Task brief
The line with "Dimensions: H. 375 x 55 x 5 cm" marks where to begin. Please copy it and each line after it to the end of the records below, exactly.

════════════════

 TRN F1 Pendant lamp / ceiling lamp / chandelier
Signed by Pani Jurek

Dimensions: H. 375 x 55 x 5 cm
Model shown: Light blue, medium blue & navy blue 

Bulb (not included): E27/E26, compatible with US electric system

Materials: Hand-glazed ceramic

════════════════

Result
Dimensions: H. 375 x 55 x 5 cm
Model shown: Light blue, medium blue & navy blue 

Bulb (not included): E27/E26, compatible with US electric system

Materials: Hand-glazed ceramic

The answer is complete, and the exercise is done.